[Data provided — start]
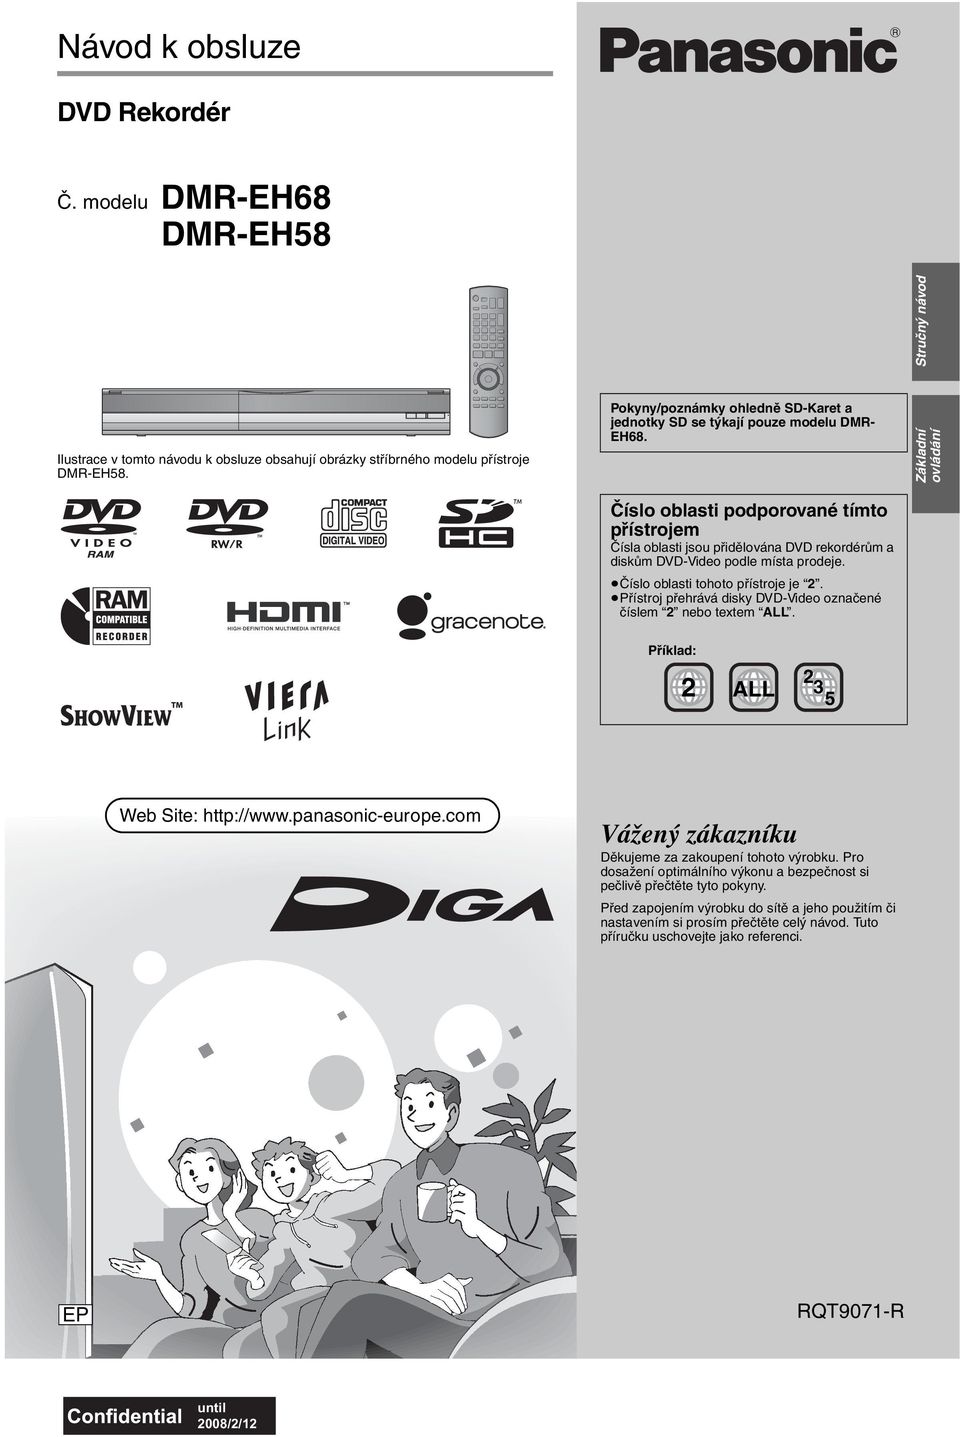 Číslo oblasti podporované tímto přístrojem Čísla oblasti jsou přidělována DVD rekordérům a diskům DVD-Video podle místa prodeje. Číslo oblasti tohoto přístroje je 2.
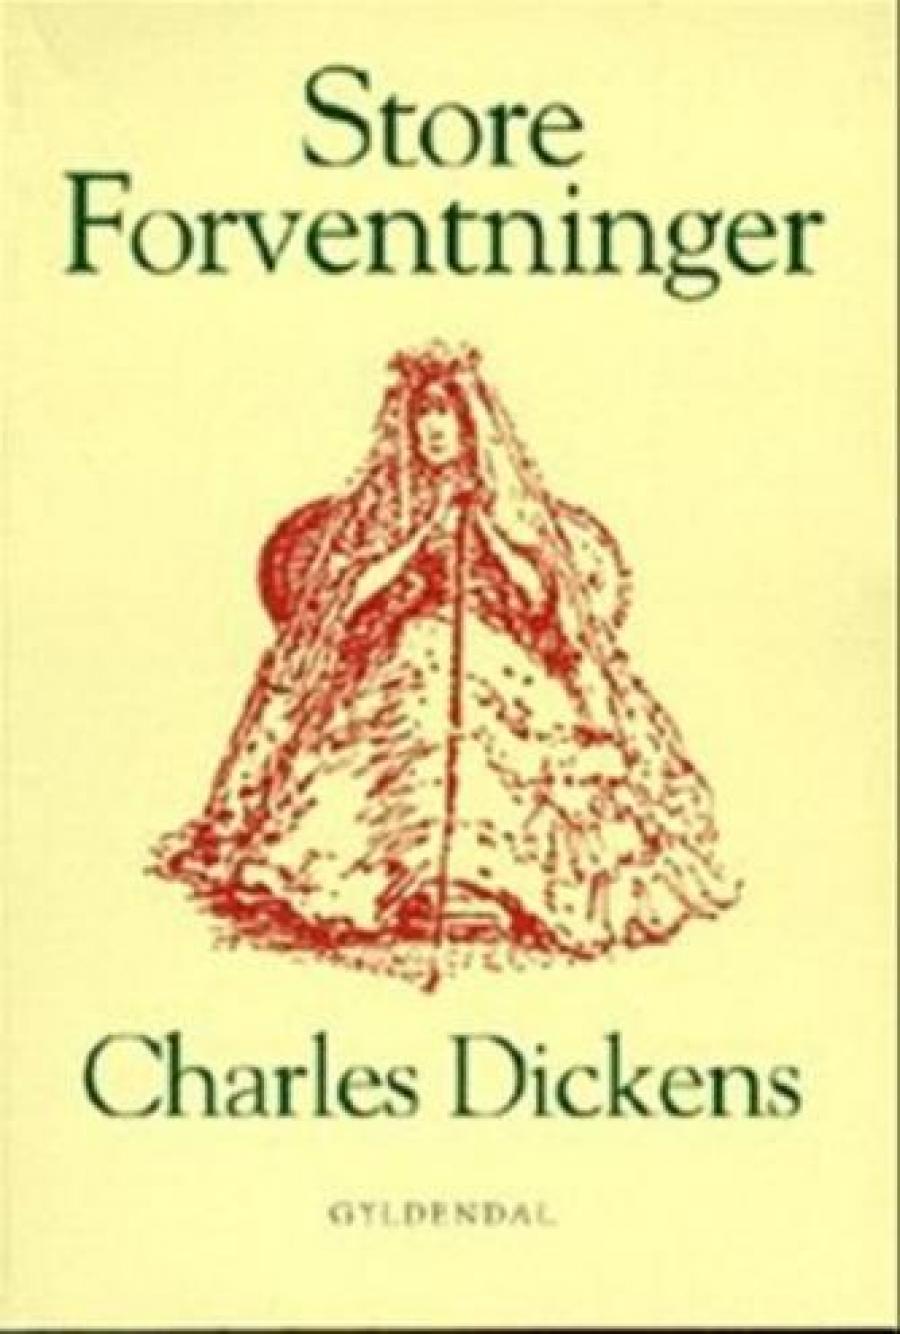 Charles Dickens roman Store forventninger
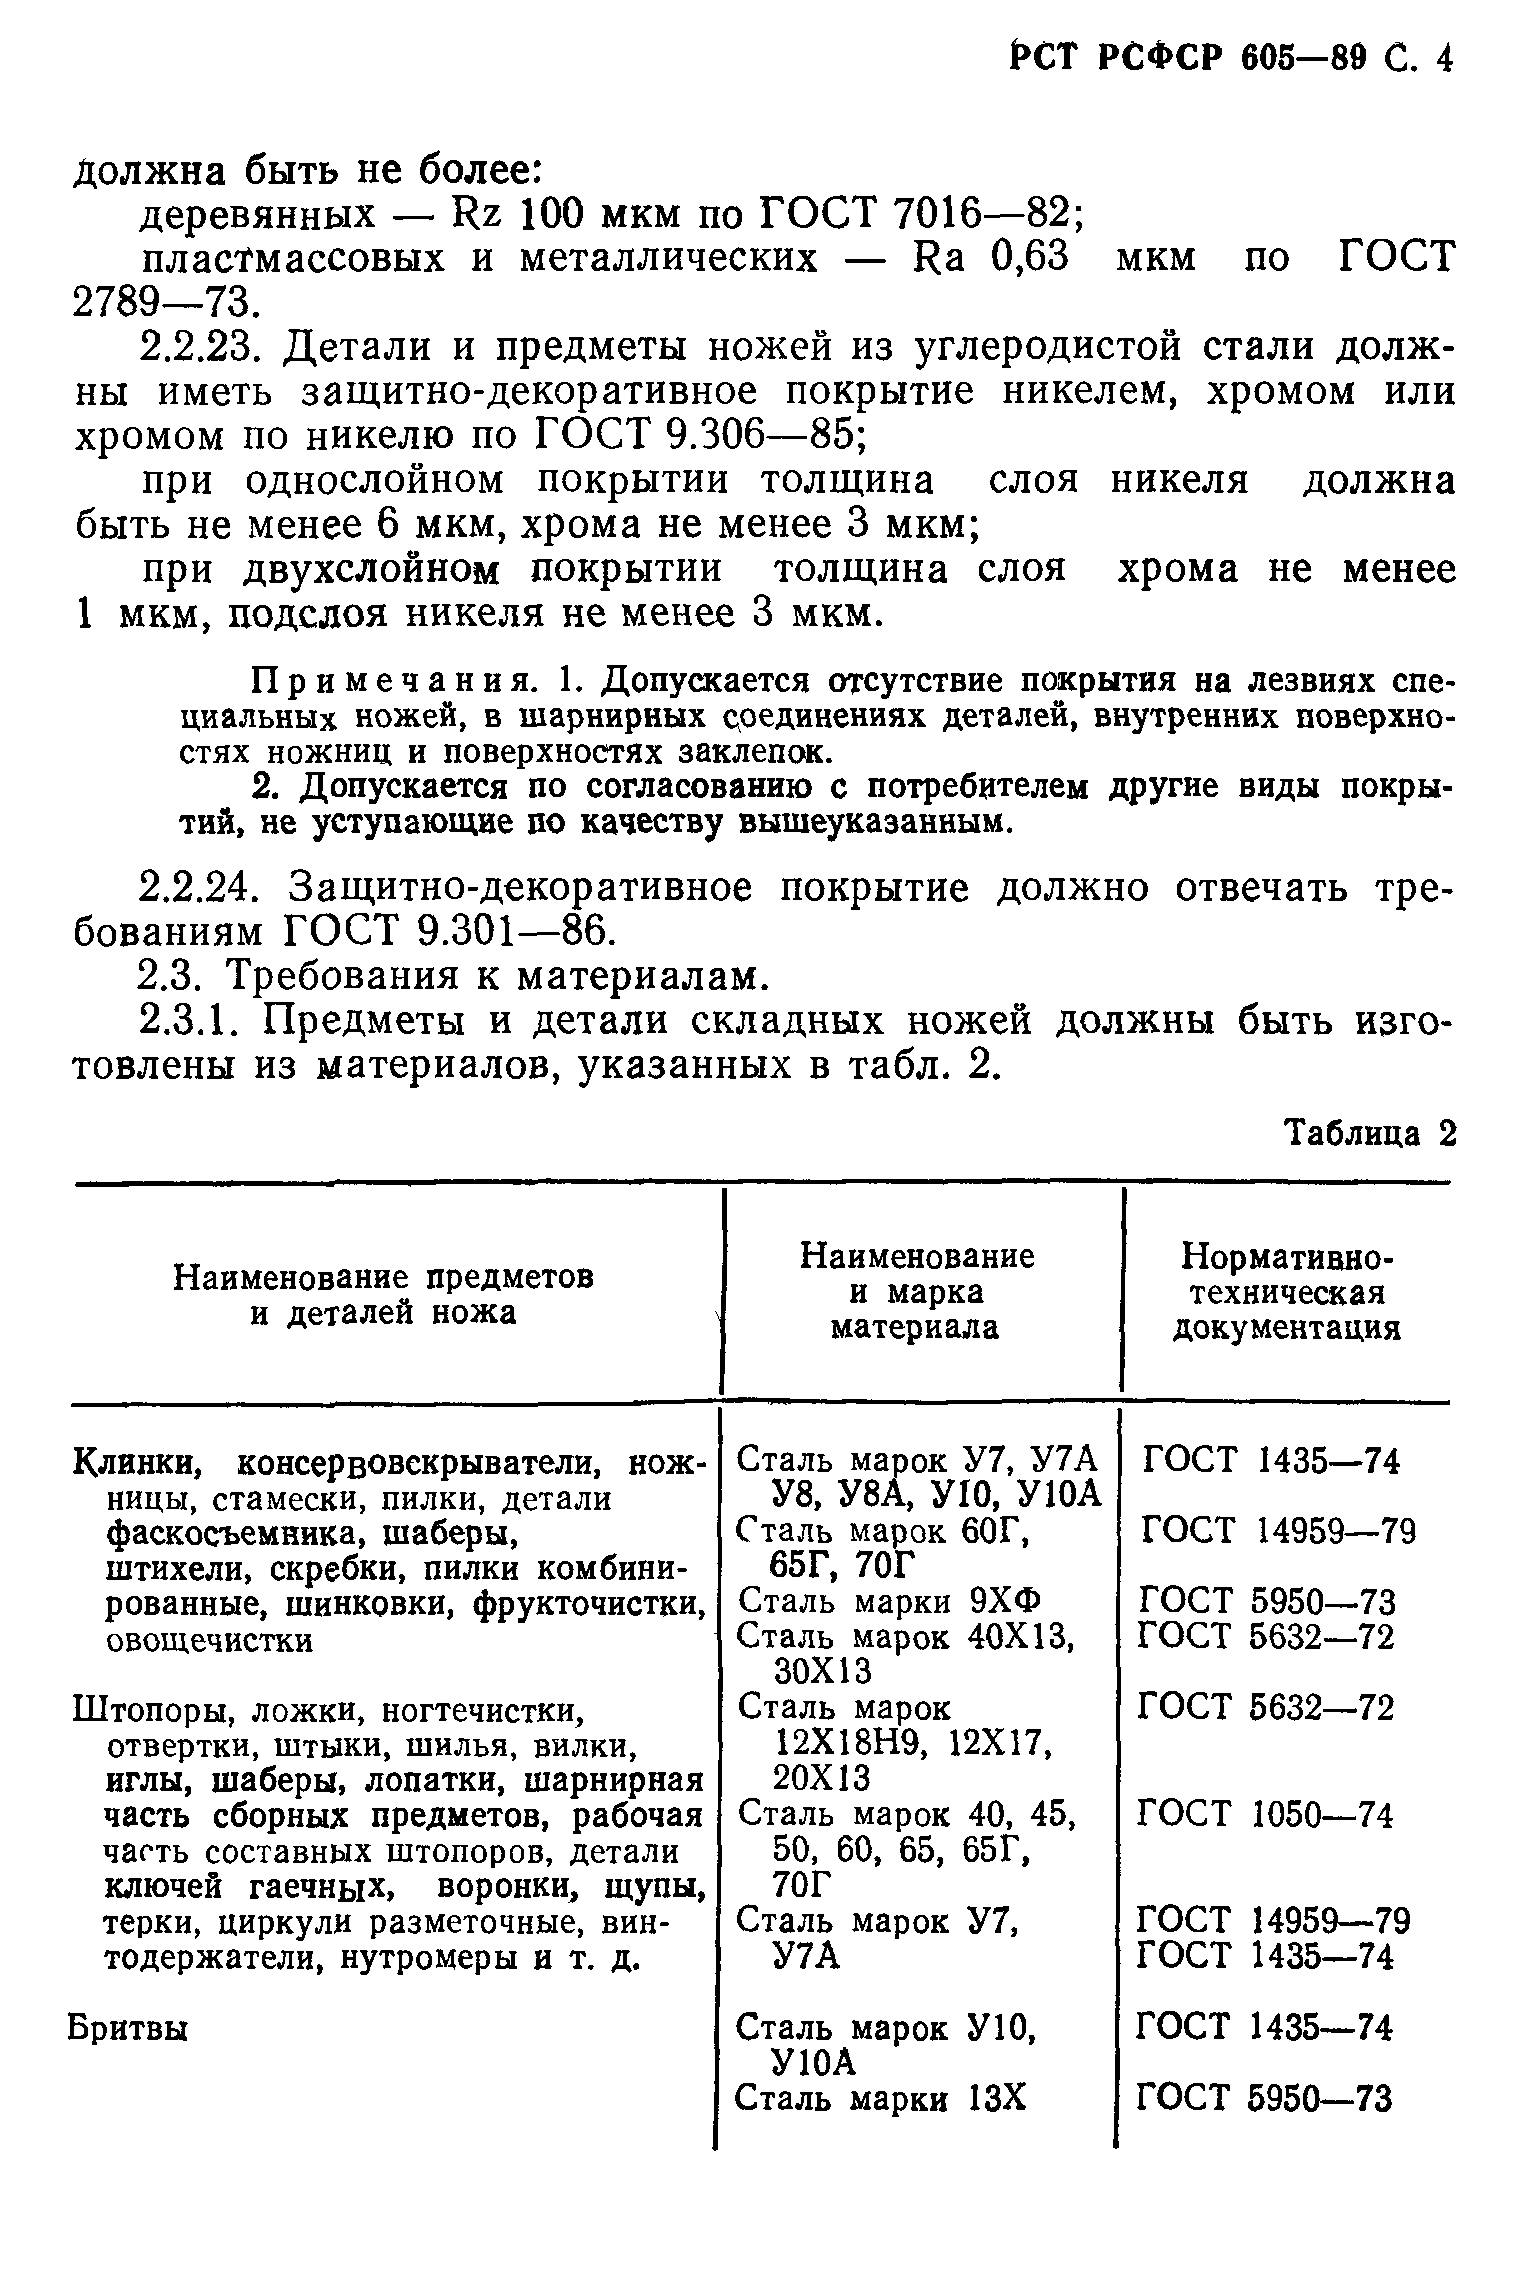 РСТ РСФСР 605-89
[Data provided — finish]
• Problem description: Would you retype all the material above exactly, apart from its pictures?

• Final answer:
 Číslo oblasti podporované tímto přístrojem Čísla oblasti jsou přidělována DVD rekordérům a diskům DVD-Video podle místa prodeje. Číslo oblasti tohoto přístroje je 2.
 Charles Dickens roman Store forventninger
 РСТ РСФСР 605-89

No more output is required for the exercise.